**TASK DIRECTIONS:** The stretch wanted below opens at the line containing "Female athlete on" and closes at the line containing "Escenade Lucha De". Please return it exactly, with no other lines.

**DATA PROVIDED:**
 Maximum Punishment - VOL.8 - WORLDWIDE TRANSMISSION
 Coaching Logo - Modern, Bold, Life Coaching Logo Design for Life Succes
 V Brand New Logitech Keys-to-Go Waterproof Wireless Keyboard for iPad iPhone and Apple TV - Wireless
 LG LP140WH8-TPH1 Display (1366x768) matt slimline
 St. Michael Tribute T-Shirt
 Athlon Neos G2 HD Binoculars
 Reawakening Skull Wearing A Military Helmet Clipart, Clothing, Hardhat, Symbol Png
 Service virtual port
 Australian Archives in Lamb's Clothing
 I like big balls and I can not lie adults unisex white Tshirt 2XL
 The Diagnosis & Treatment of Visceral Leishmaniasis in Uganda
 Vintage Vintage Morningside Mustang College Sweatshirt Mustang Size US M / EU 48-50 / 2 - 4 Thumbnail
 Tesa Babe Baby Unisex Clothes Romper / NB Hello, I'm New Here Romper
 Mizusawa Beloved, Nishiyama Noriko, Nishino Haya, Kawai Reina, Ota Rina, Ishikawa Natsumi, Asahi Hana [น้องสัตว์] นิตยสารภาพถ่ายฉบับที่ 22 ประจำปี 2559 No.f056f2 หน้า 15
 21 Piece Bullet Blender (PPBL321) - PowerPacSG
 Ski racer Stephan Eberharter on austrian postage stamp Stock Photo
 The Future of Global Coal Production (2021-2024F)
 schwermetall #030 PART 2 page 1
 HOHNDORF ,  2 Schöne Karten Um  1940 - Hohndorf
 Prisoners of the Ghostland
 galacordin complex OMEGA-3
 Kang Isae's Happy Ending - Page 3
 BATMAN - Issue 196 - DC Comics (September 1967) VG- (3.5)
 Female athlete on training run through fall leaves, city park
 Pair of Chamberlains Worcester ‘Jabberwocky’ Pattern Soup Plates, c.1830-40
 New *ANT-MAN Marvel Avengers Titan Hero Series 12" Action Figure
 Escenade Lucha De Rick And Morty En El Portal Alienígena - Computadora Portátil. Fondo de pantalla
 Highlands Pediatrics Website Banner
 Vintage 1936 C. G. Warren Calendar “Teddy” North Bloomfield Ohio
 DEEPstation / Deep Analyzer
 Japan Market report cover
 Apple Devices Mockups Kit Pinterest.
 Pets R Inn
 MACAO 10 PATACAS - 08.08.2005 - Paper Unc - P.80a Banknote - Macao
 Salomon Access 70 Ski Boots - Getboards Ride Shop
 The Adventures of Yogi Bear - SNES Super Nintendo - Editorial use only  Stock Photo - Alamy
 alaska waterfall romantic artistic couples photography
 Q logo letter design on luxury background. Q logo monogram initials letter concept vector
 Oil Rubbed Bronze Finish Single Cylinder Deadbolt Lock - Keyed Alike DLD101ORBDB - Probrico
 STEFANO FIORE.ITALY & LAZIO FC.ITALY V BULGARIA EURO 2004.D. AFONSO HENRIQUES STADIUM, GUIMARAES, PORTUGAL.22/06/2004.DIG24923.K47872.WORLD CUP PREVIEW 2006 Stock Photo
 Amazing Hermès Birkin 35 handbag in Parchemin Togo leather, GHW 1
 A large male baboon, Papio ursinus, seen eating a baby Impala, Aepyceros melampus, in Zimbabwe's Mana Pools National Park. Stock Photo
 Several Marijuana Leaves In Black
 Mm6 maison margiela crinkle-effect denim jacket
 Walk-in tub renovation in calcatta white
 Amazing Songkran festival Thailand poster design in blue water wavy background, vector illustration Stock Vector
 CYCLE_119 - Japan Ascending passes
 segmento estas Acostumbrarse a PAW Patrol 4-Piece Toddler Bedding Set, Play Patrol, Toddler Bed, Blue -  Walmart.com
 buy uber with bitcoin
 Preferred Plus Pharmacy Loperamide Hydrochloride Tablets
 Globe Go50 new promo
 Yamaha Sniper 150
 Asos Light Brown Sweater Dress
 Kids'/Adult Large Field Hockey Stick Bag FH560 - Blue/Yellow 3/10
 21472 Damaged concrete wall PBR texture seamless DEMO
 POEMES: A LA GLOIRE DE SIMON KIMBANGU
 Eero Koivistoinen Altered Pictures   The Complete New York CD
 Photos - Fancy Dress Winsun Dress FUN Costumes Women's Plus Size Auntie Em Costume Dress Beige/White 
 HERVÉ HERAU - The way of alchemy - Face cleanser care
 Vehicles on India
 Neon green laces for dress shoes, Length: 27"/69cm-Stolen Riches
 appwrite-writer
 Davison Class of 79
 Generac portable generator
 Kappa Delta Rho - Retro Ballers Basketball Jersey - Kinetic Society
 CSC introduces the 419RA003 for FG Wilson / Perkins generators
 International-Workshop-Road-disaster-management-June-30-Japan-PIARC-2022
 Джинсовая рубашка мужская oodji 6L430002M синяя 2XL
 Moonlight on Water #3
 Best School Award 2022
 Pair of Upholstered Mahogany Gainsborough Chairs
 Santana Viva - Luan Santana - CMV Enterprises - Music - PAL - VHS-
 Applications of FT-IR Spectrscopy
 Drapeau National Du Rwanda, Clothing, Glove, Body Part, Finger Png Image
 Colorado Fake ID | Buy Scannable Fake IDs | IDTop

**RESULT OF THE EXERCISE:**
 Female athlete on training run through fall leaves, city park
 Pair of Chamberlains Worcester ‘Jabberwocky’ Pattern Soup Plates, c.1830-40
 New *ANT-MAN Marvel Avengers Titan Hero Series 12" Action Figure
 Escenade Lucha De Rick And Morty En El Portal Alienígena - Computadora Portátil. Fondo de pantalla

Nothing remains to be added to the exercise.